**What is required:** Word-for-word transcription needed. Include every entry below but no pictures.

Stored items from a collection
+++

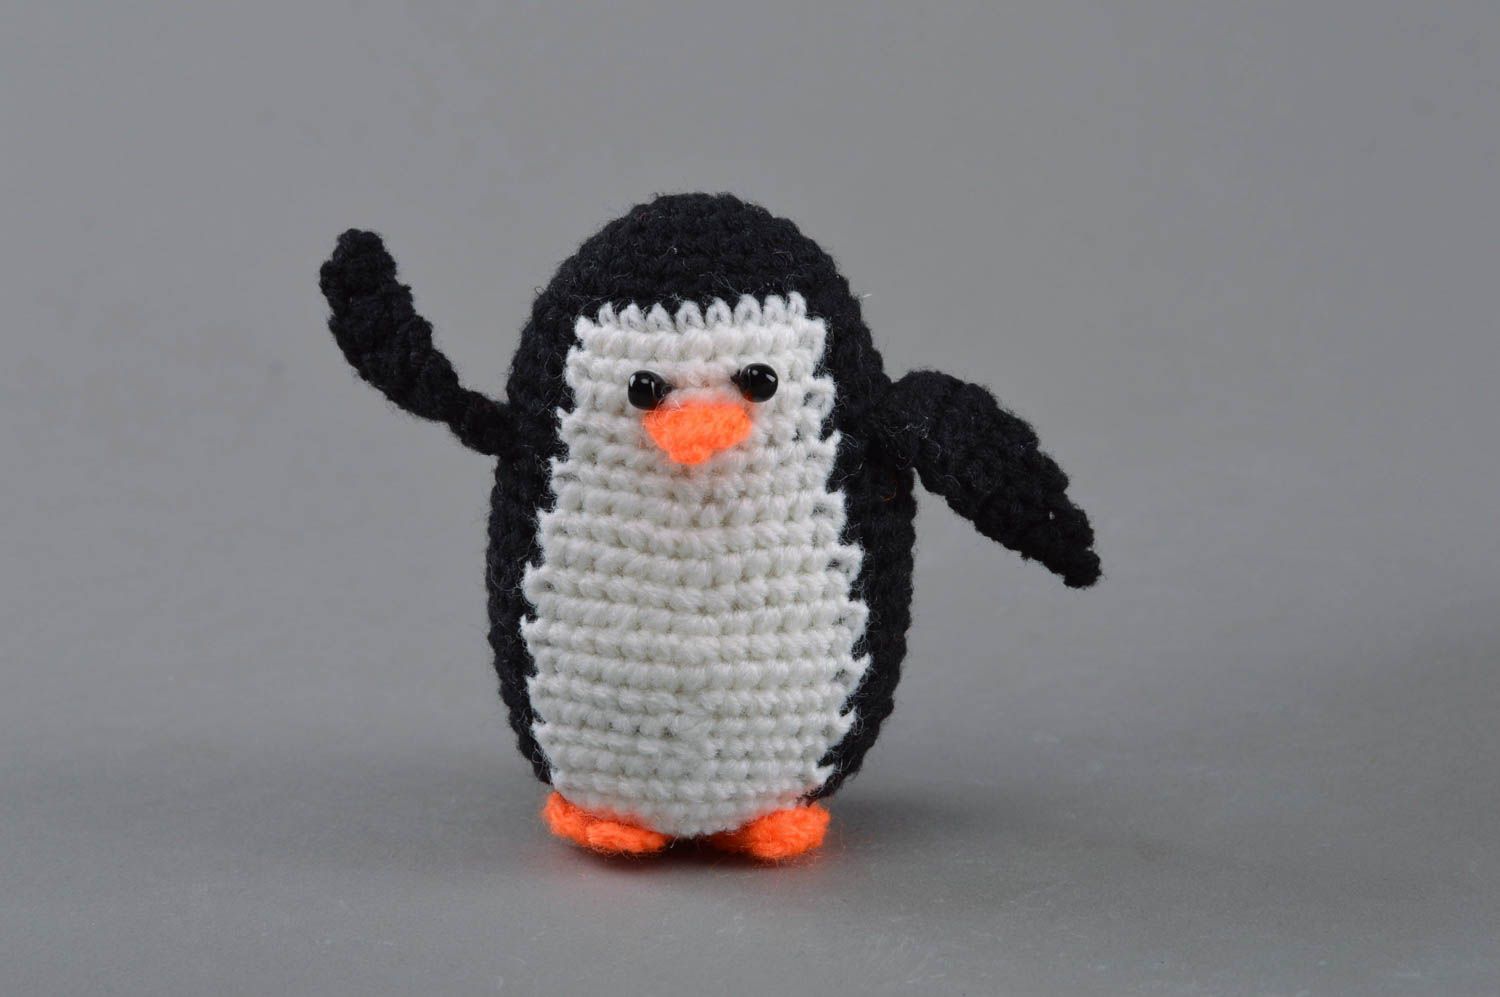 Смешная маленькая игрушка в виде пингвина черно-белая вязаная вручную для детей фото 1
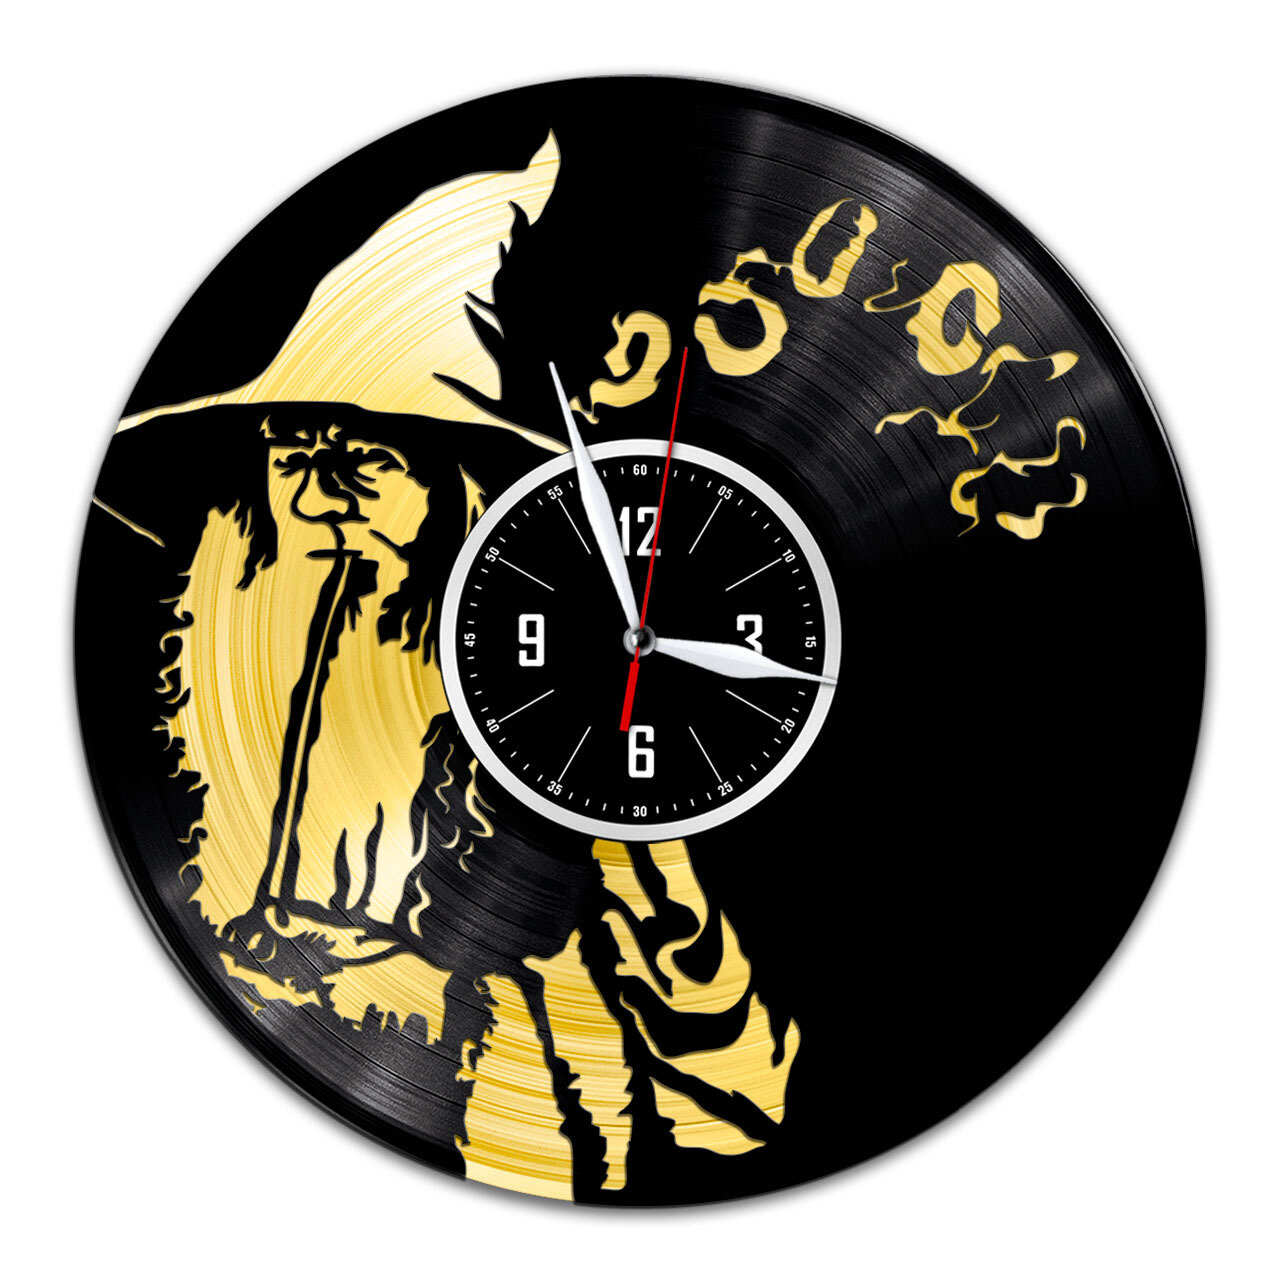 Властелин колец - настенные часы из виниловой пластинки (с золотой подложкой)
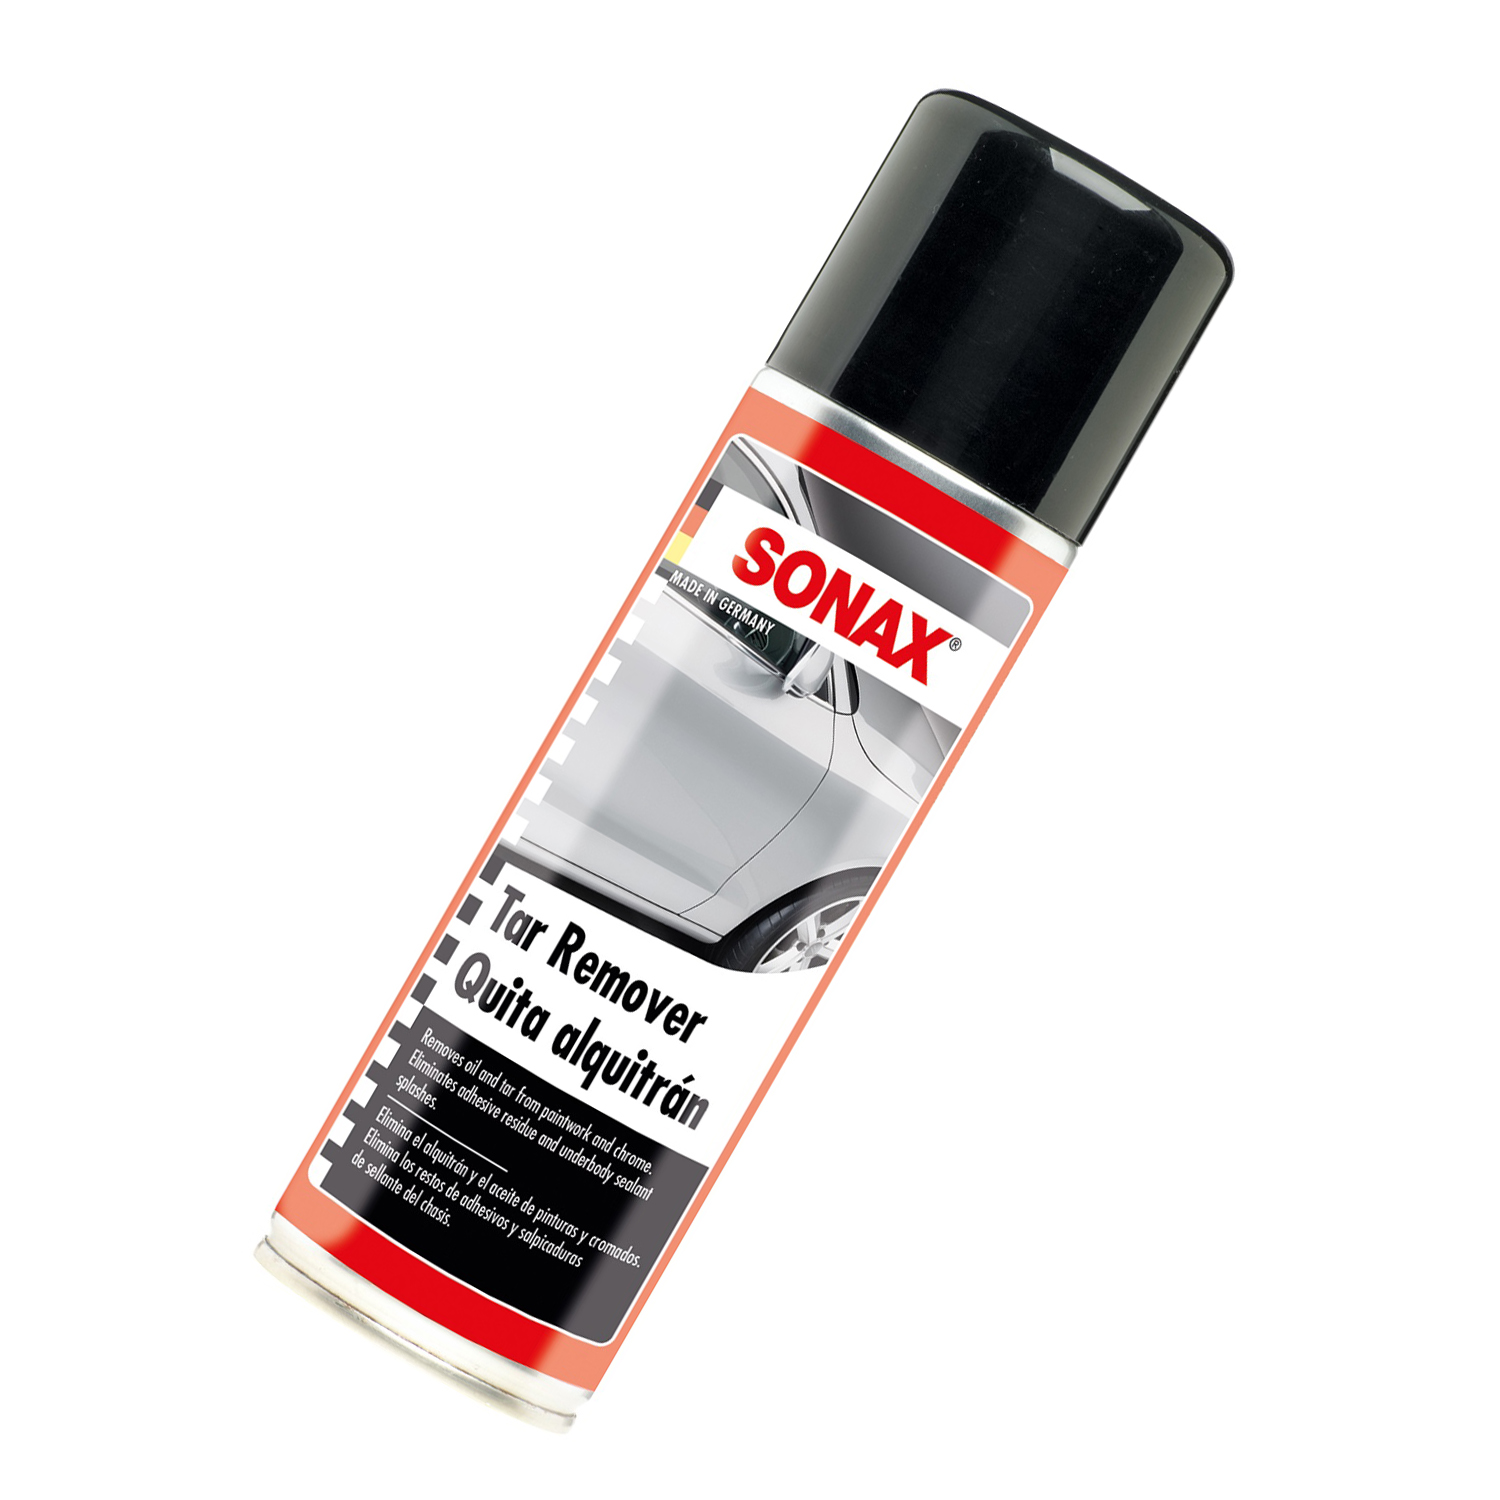 Dung dịch tẩy keo nhựa đường chuyên dụng Sonax 334200 300ml - Không hại sơn, tẩy sạch vết keo, nhựa trên sơn xe hoặc crôm
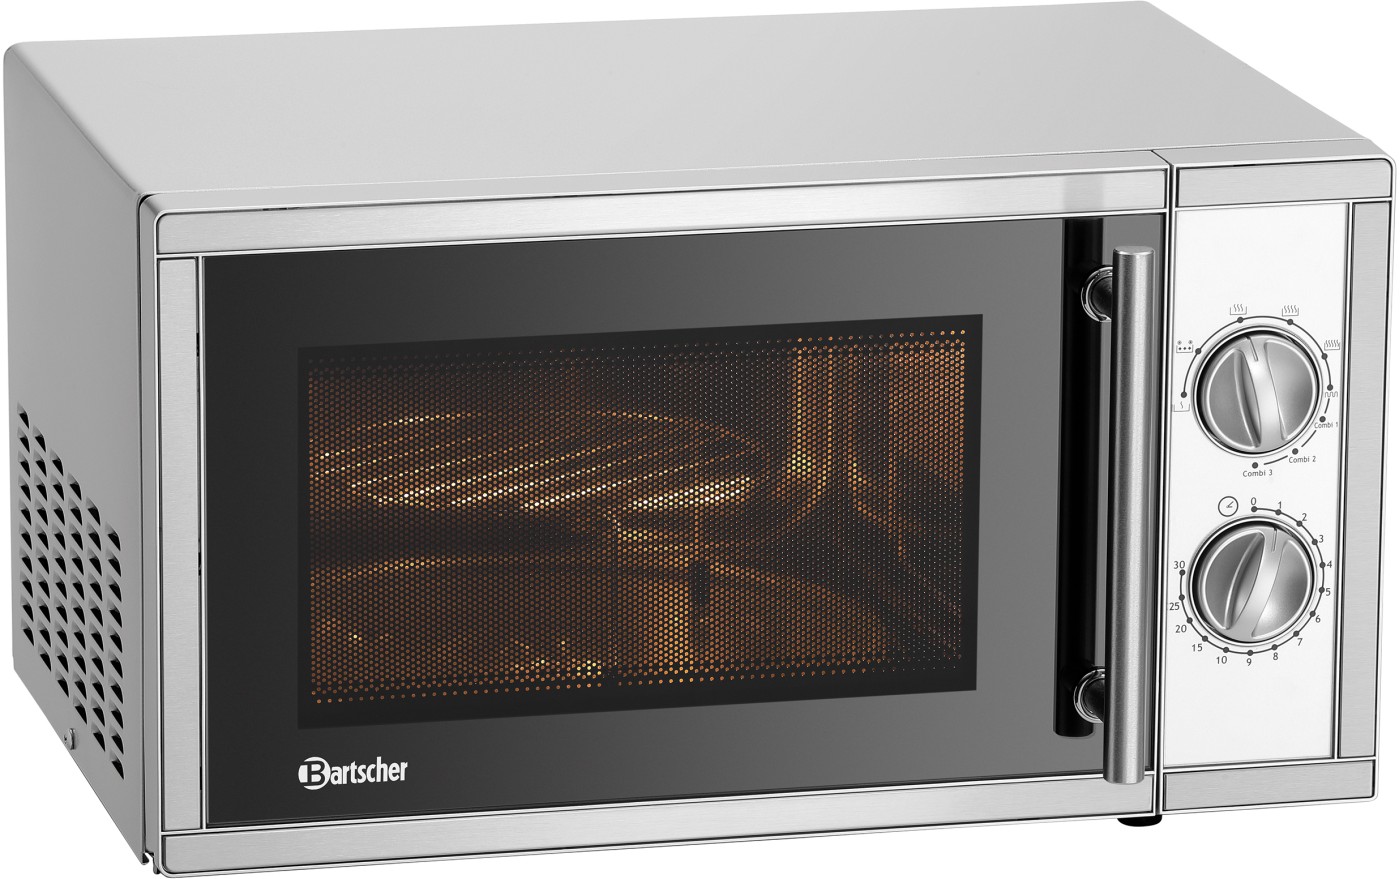  Bartscher Microwave 9231D-GR 
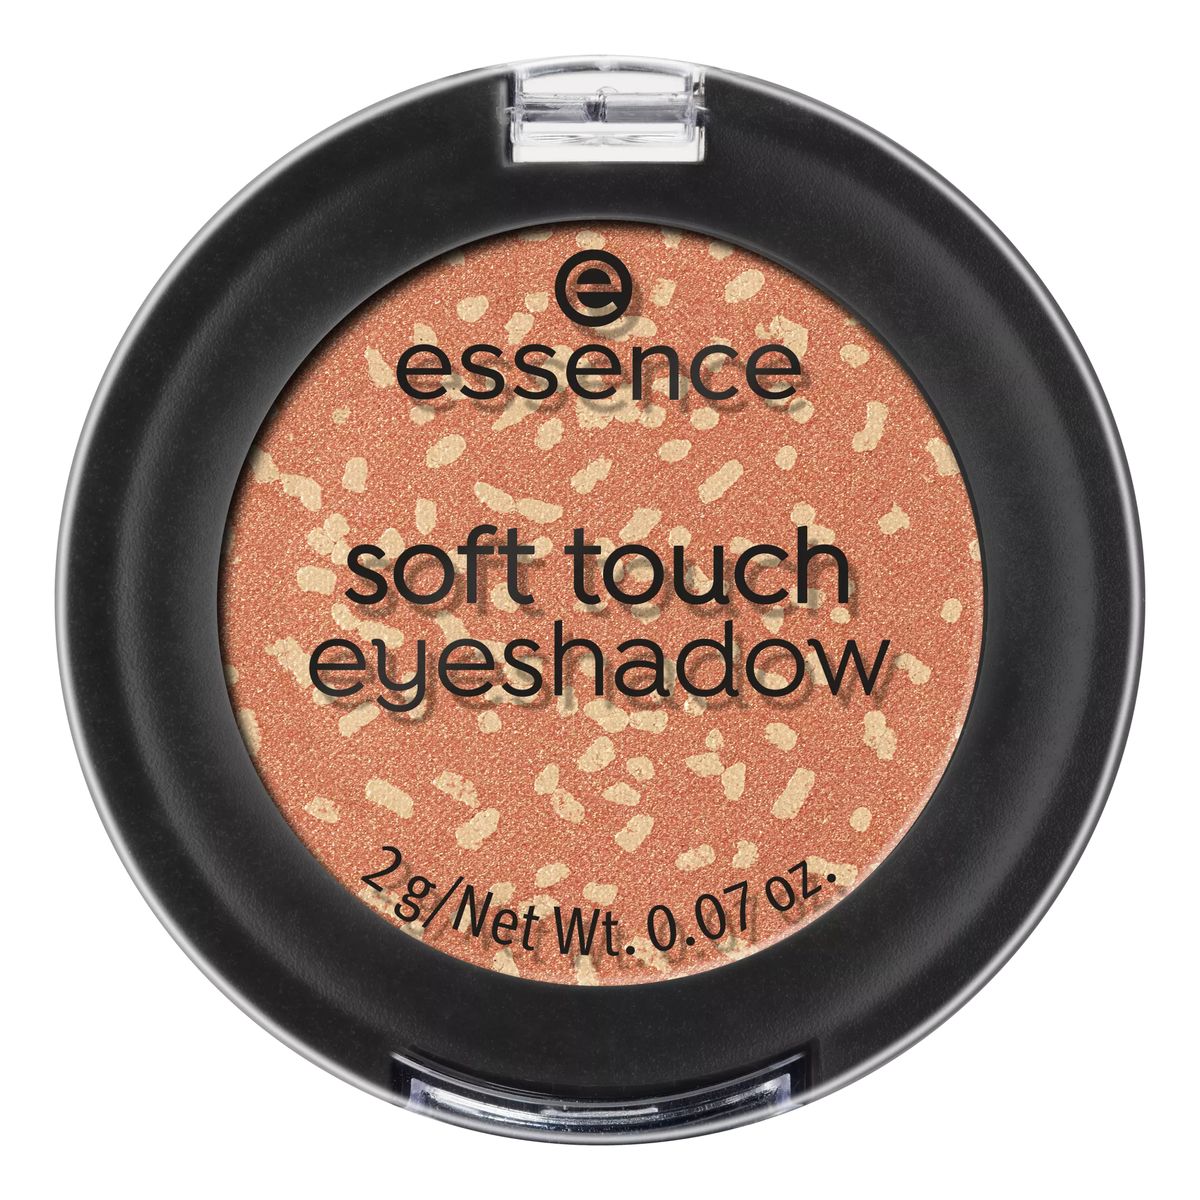 Essence Soft touch eyeshadow Cienie Do Powiek 2g
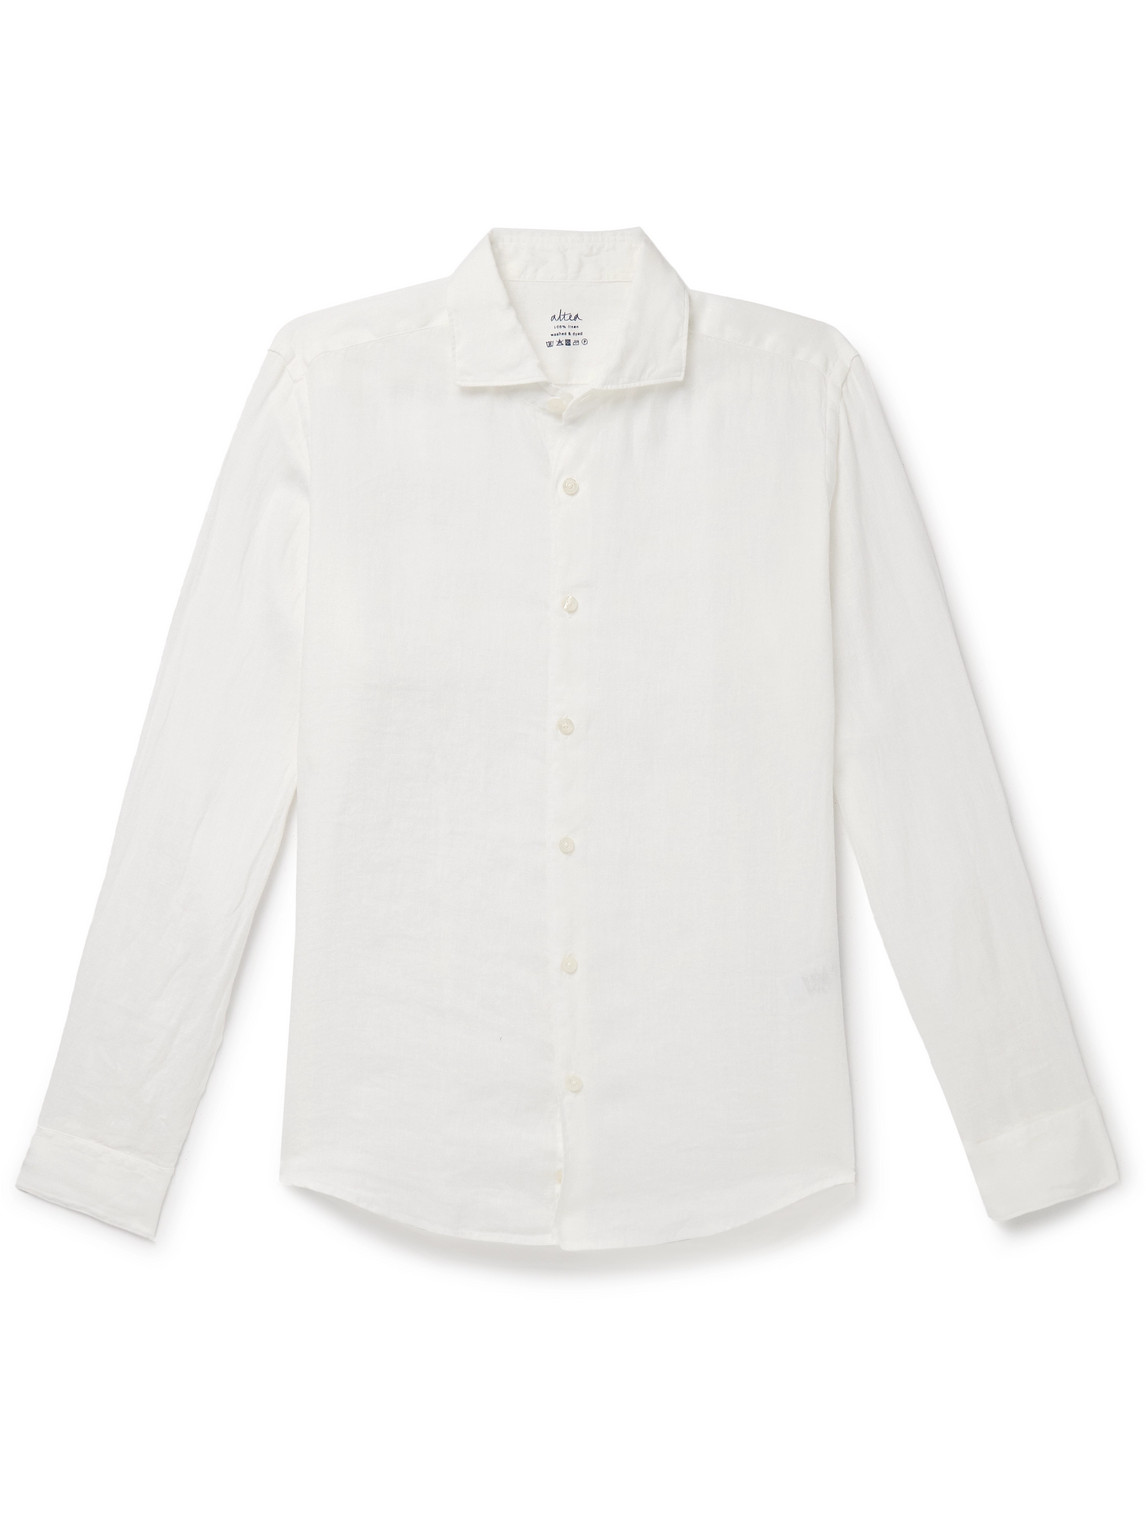 Altea - Mercer Slim-Fit Garment-Dyed Washed-Linen Shirt - Men - White - XL von Altea

+++

**Written reply:**
 Смешная маленькая игрушка в виде пингвина черно-белая вязаная вручную для детей фото 1
 Властелин колец - настенные часы из виниловой пластинки (с золотой подложкой)
 Dung dịch tẩy keo nhựa đường chuyên dụng Sonax 334200 300ml - Không hại sơn, tẩy sạch vết keo, nhựa trên sơn xe hoặc crôm
  Bartscher Microwave 9231D-GR 
 Essence Soft touch eyeshadow Cienie Do Powiek 2g
 Altea - Mercer Slim-Fit Garment-Dyed Washed-Linen Shirt - Men - White - XL von Altea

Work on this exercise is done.